[Records from a data source]:
■ ■ ■

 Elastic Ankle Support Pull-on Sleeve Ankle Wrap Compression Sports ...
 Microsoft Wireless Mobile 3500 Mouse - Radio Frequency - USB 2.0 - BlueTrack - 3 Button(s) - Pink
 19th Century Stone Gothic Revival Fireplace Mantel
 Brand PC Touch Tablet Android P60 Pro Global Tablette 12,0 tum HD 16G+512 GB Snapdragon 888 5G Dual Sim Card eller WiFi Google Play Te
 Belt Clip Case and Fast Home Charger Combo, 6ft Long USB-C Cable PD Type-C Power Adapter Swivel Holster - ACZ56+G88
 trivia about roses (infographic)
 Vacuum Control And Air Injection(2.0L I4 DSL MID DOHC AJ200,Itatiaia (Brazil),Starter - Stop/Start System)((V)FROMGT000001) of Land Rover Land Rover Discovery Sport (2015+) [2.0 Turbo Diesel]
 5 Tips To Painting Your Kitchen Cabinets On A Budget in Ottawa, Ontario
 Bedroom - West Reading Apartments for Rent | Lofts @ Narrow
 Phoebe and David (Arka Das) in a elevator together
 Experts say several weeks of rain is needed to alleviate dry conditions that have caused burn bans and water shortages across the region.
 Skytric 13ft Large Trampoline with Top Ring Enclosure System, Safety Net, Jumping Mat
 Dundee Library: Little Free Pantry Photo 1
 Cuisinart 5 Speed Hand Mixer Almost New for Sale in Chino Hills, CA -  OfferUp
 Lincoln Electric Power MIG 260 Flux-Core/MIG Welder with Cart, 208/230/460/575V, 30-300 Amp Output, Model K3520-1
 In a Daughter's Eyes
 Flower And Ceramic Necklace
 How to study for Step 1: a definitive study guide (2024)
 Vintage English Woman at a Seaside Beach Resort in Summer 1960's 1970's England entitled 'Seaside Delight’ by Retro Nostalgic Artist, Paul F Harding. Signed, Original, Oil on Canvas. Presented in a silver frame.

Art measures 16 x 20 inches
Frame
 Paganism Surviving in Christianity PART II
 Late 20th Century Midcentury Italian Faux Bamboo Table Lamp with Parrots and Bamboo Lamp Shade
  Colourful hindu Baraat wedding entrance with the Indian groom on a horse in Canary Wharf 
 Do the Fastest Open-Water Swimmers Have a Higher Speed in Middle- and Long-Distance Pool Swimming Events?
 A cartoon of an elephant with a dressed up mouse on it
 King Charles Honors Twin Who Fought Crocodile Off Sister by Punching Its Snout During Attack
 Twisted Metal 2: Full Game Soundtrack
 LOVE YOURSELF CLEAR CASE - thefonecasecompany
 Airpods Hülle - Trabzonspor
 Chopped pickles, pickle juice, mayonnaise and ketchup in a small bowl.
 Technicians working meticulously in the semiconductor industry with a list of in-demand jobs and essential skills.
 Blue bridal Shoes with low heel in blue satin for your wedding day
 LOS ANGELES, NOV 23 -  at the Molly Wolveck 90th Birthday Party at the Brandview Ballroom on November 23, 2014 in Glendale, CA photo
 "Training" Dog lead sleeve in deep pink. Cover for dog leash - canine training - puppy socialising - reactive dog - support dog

■ ■ ■

From the records above, copy every line that includes the word "wedding".

[ANSWER SECTION]:
  Colourful hindu Baraat wedding entrance with the Indian groom on a horse in Canary Wharf 
 Blue bridal Shoes with low heel in blue satin for your wedding day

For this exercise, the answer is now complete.